### EXERCISE:
Copy each line below word for word and drop every image.

### INFORMATION SUPPLIED:

┄┄┄┄┄┄┄┄┄┄

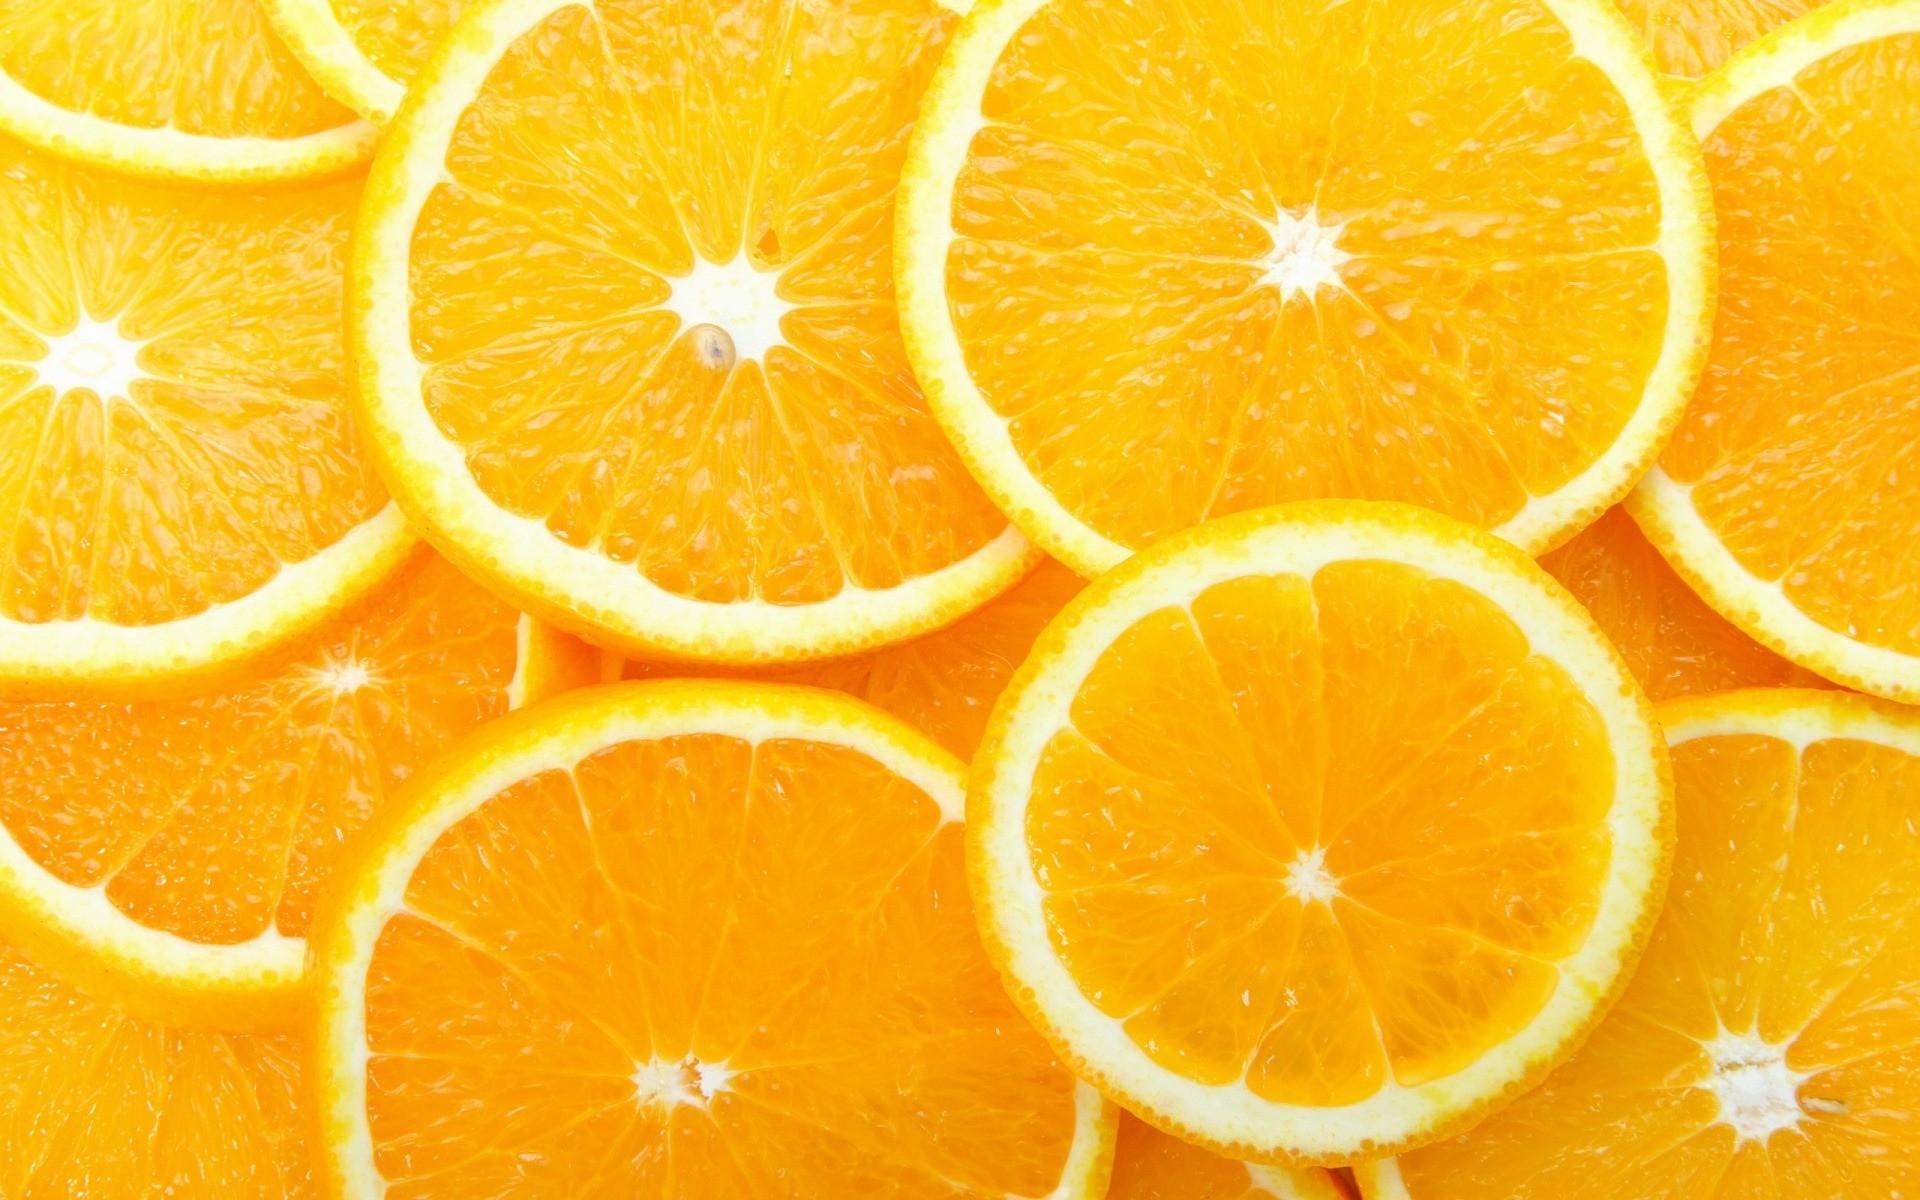 Res: 1920x1200, Orange Slices Wallpaper Fruits Nature
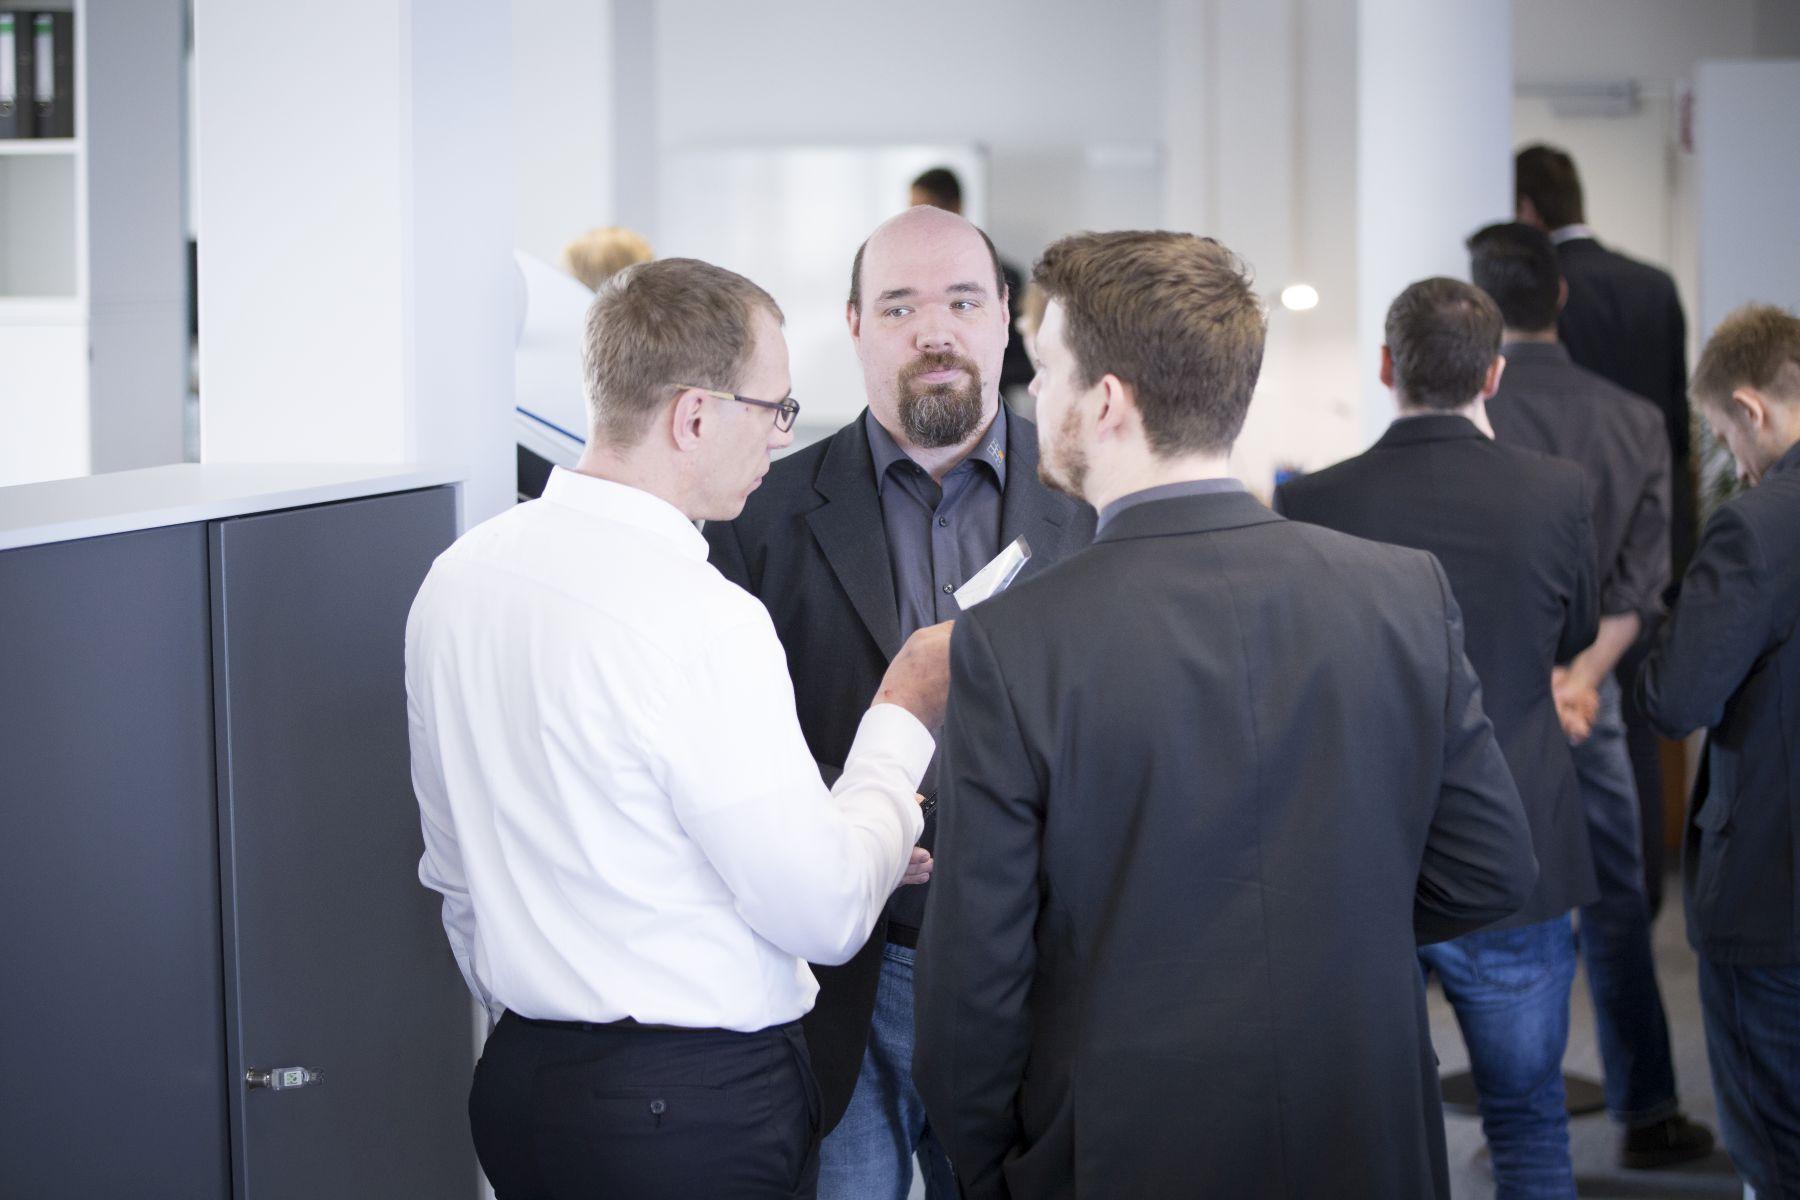 Rückblick: Ergonomie in 5 Punkten - Infoveranstaltung bei Büromöbel-Experte 16
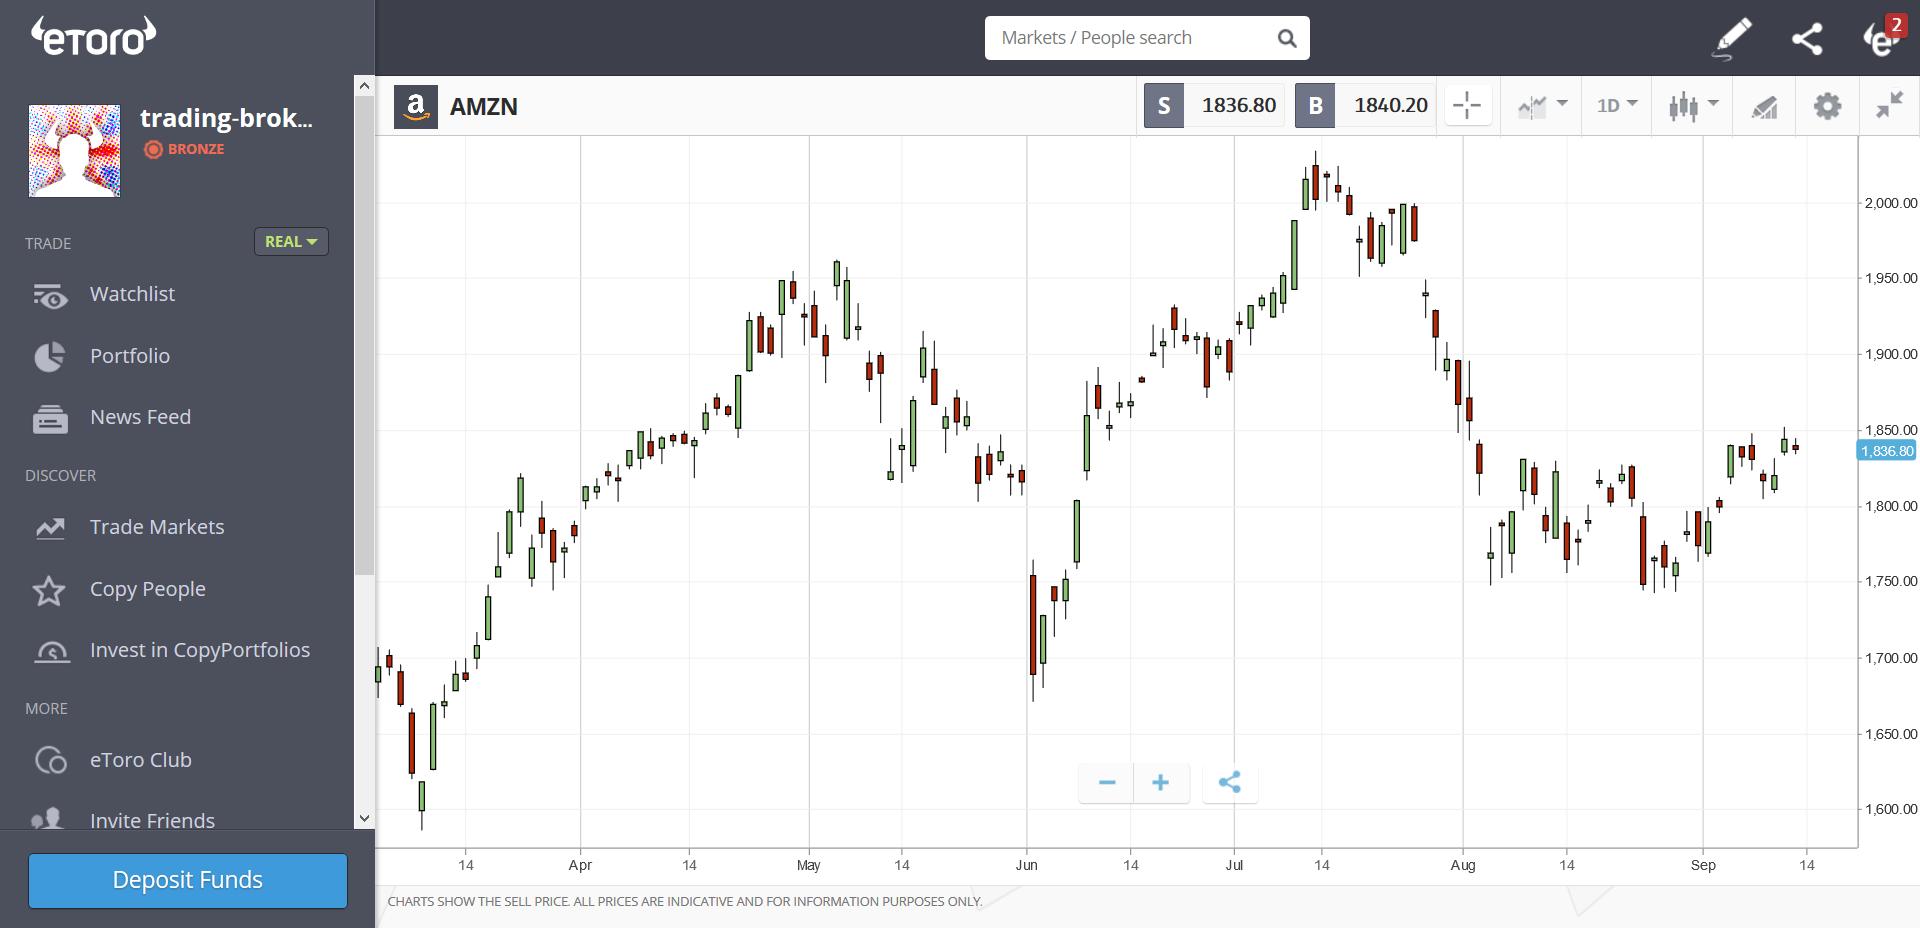 Free binary options charts etoro free binary options indicators for mt4 brokers

┄┄┄┄┄┄┄┄┄┄

### YOUR RESPONSE:
 Res: 1920x1200, Orange Slices Wallpaper Fruits Nature
 Rückblick: Ergonomie in 5 Punkten - Infoveranstaltung bei Büromöbel-Experte 16
 Free binary options charts etoro free binary options indicators for mt4 brokers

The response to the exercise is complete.